--- INSTRUCTIONS FOR THE TASK ---
Aim for an exact copy of the listing, without any images.

Content starts

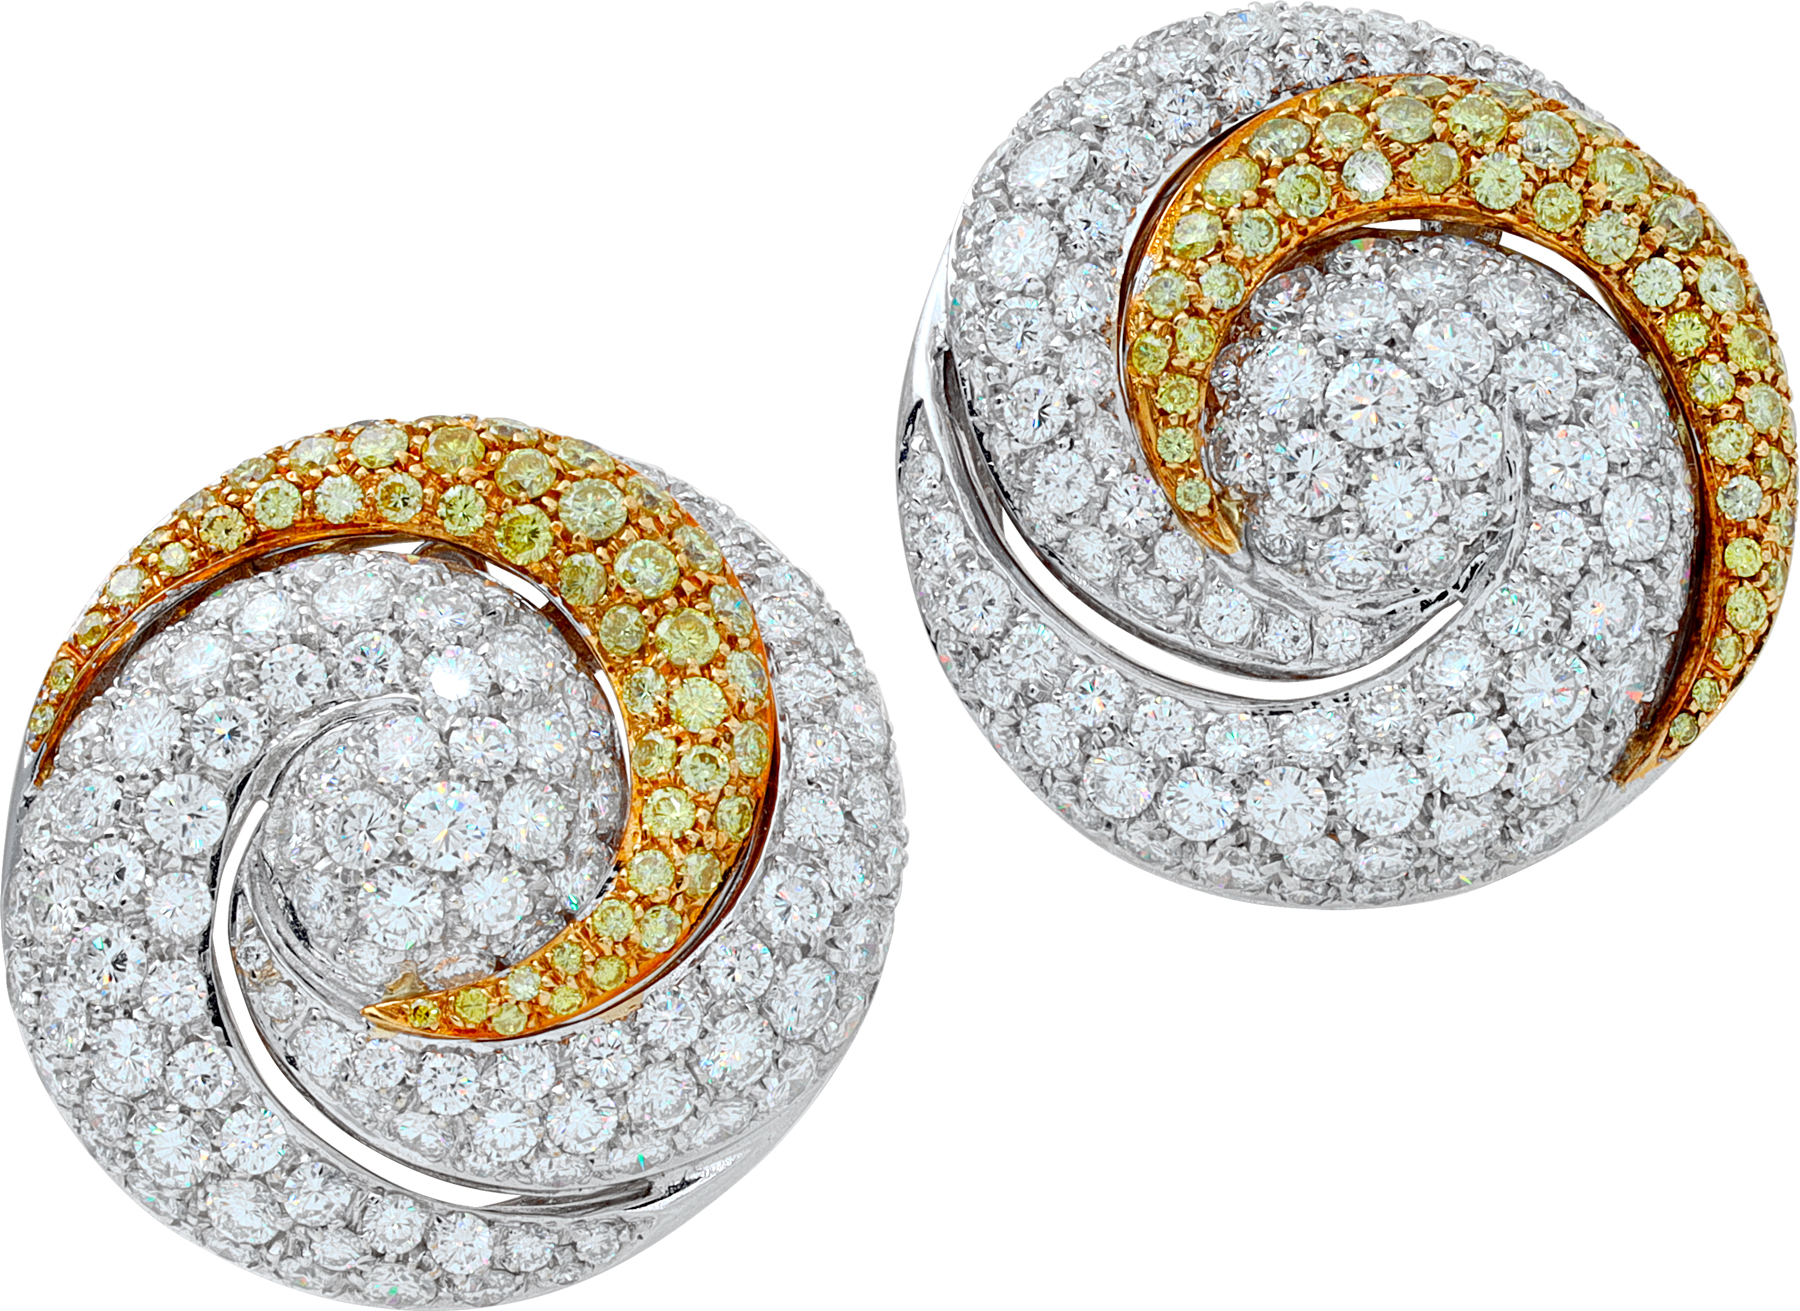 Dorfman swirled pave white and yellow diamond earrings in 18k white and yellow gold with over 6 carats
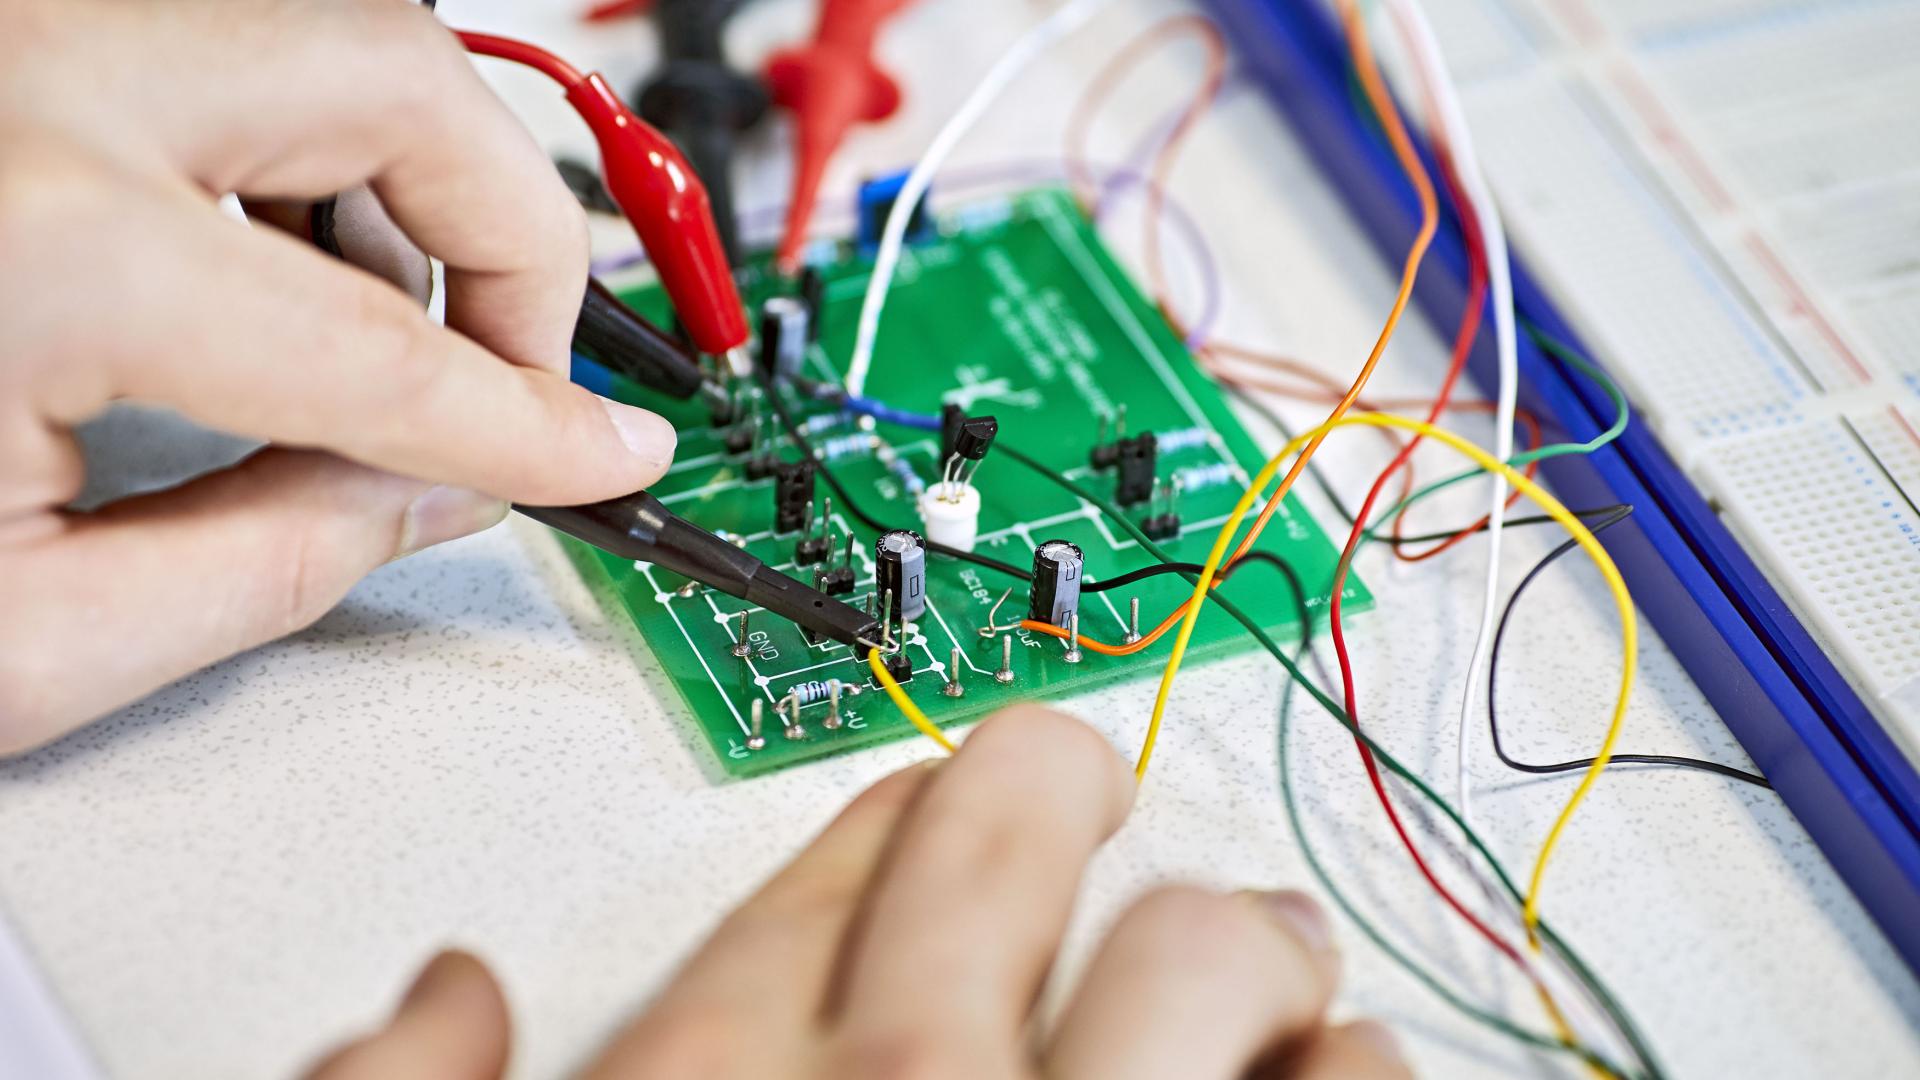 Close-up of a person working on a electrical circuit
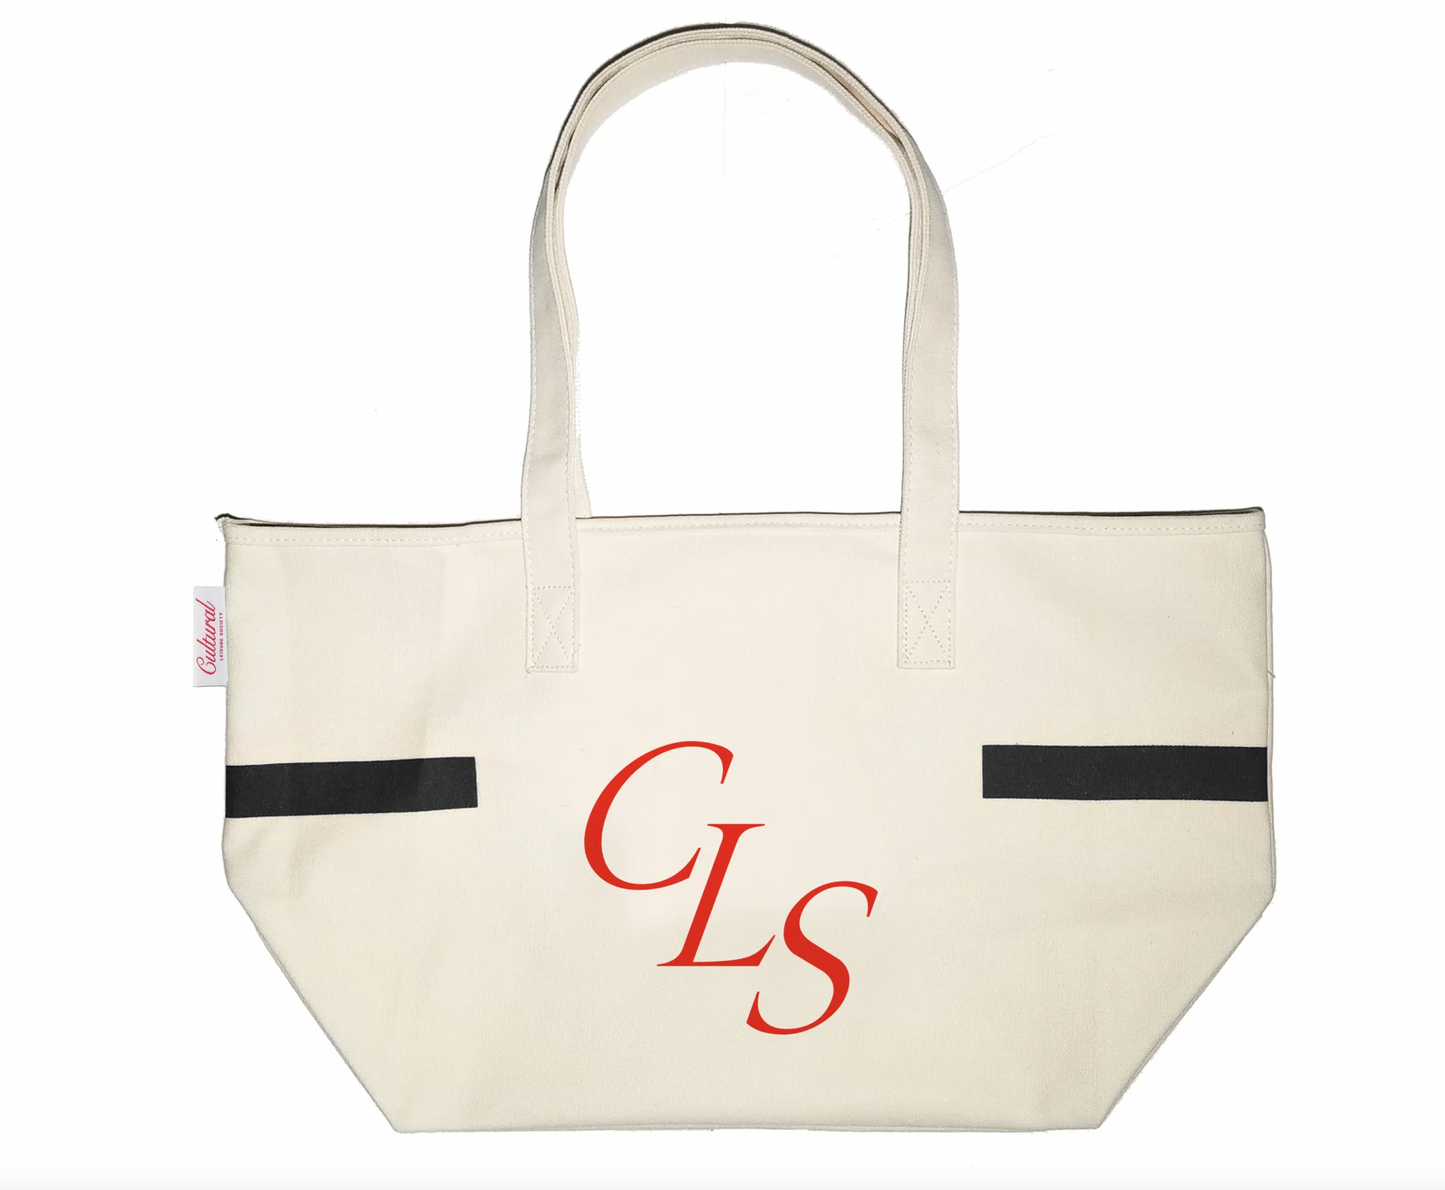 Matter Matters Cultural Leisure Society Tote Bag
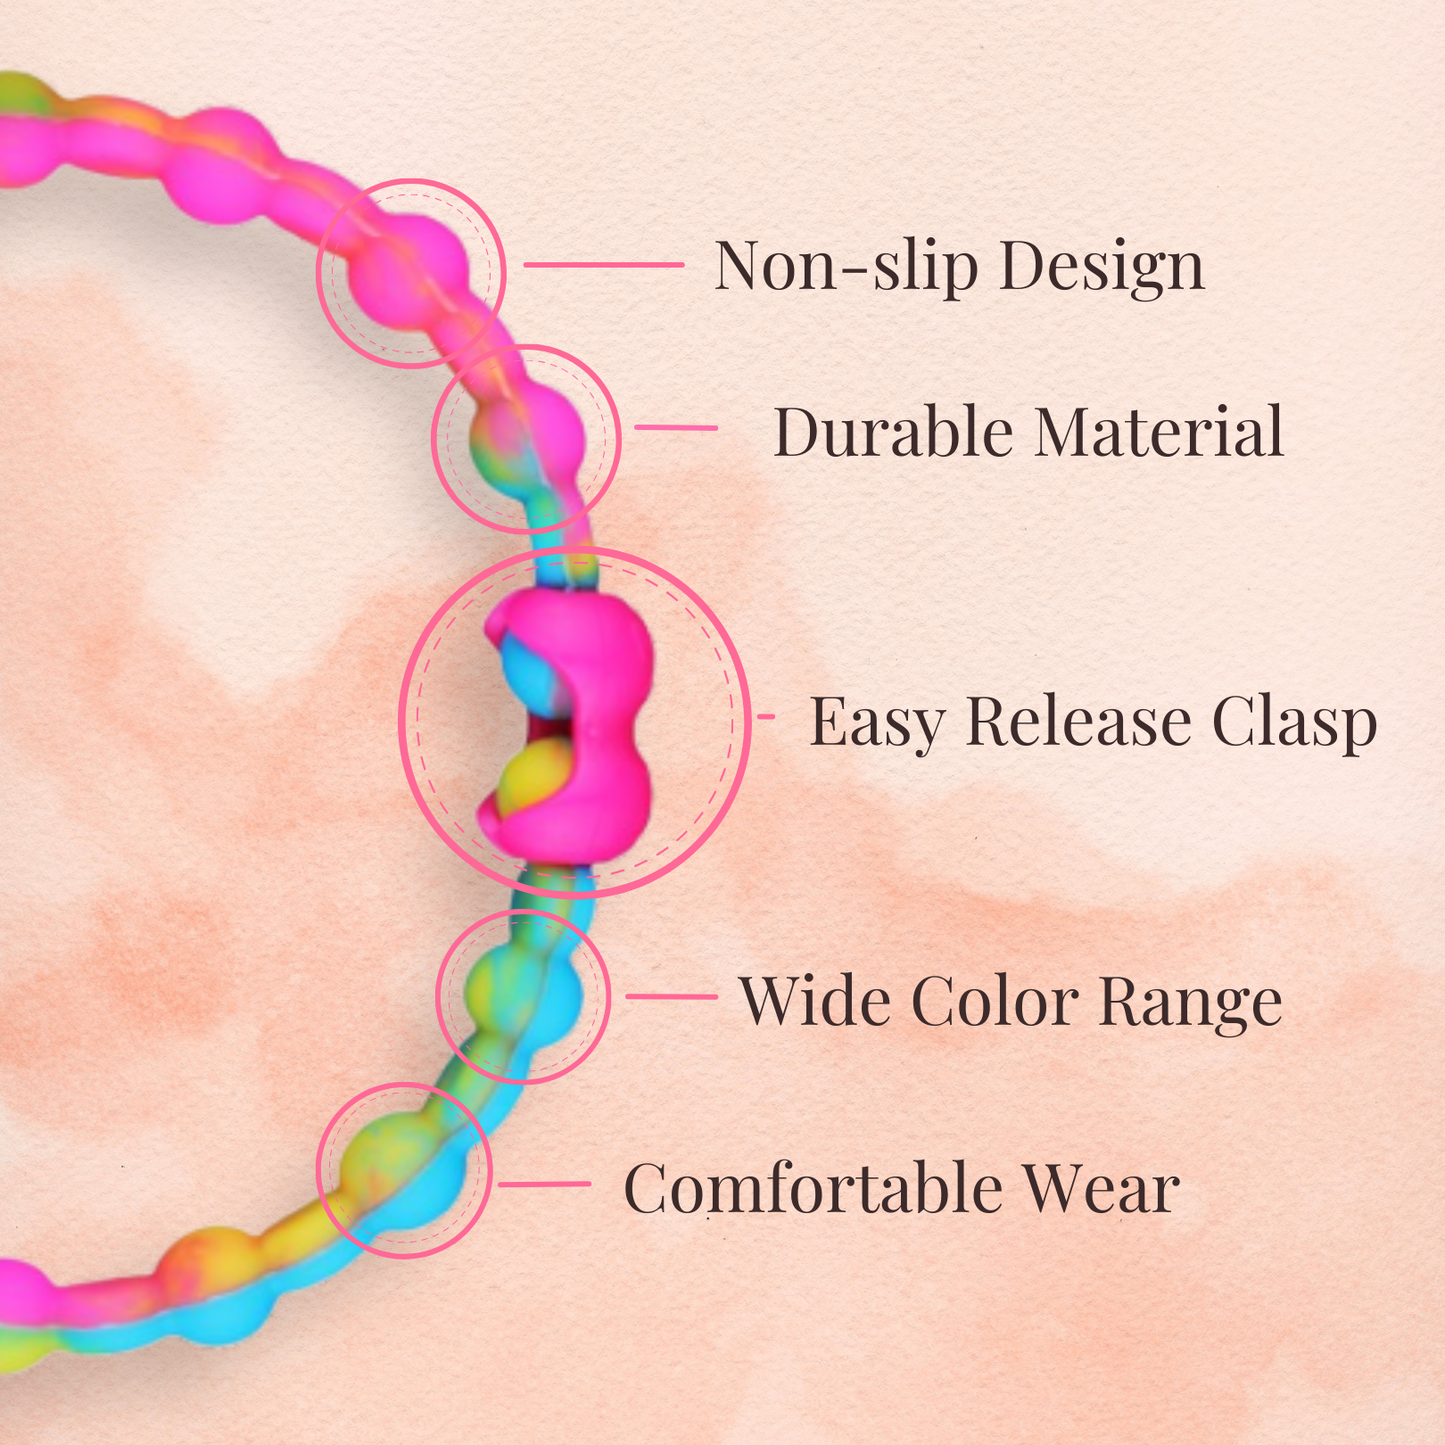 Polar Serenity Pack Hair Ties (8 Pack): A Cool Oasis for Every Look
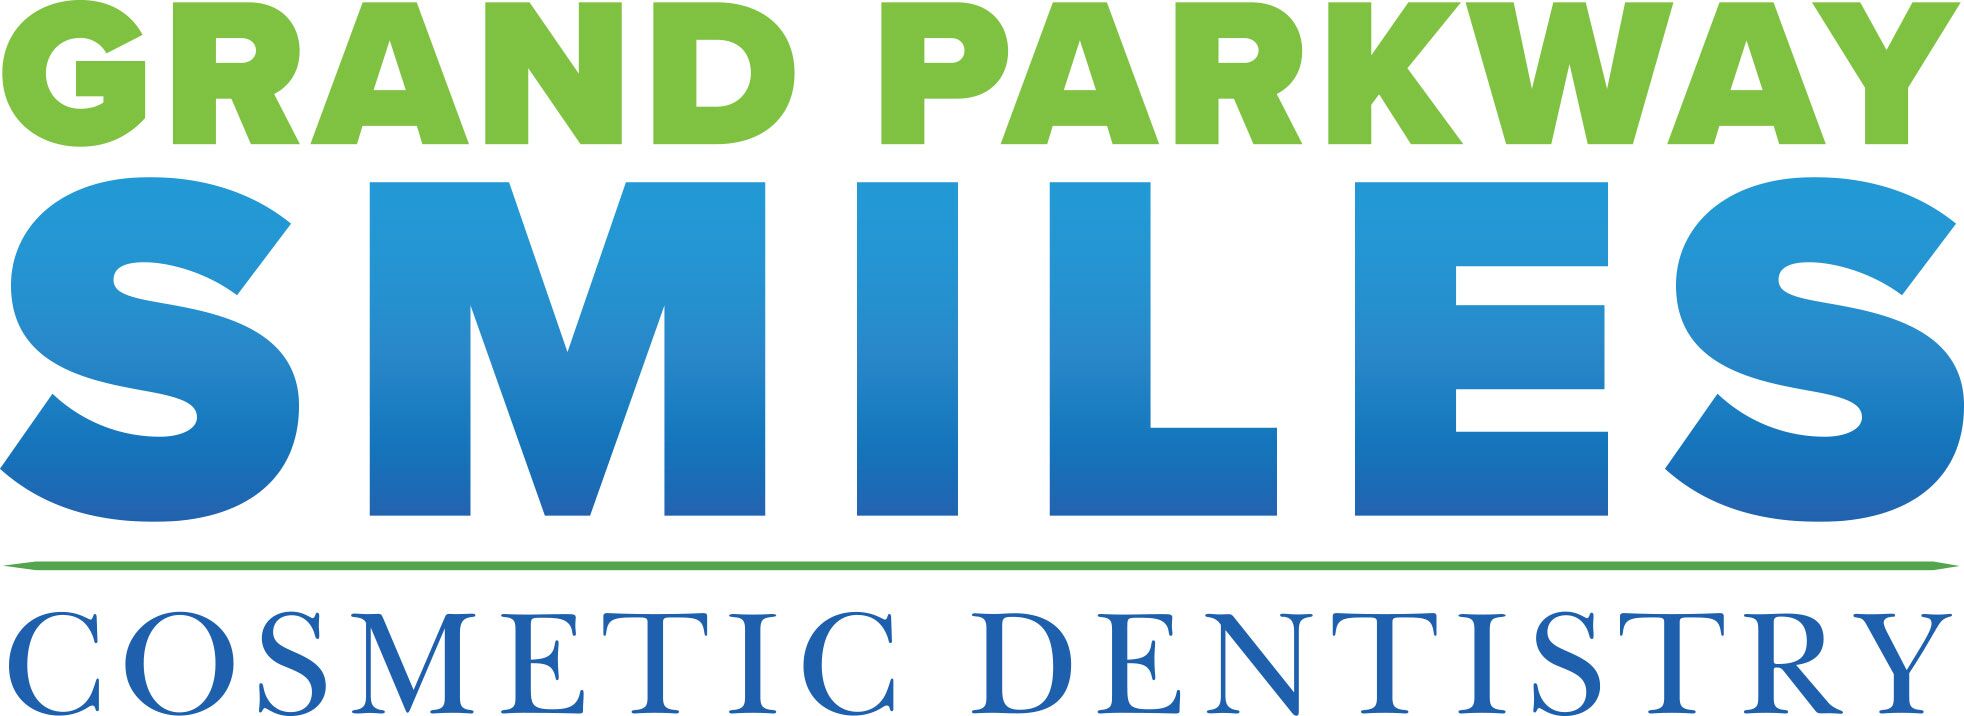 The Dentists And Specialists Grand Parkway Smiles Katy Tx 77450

Content ends

--- RESPONSE TO THIS TASK ---
 Dorfman swirled pave white and yellow diamond earrings in 18k white and yellow gold with over 6 carats
 Close-up of a person working on a electrical circuit
 Matter Matters Cultural Leisure Society Tote Bag
 Polar Serenity Pack Hair Ties (8 Pack): A Cool Oasis for Every Look
 The Dentists And Specialists Grand Parkway Smiles Katy Tx 77450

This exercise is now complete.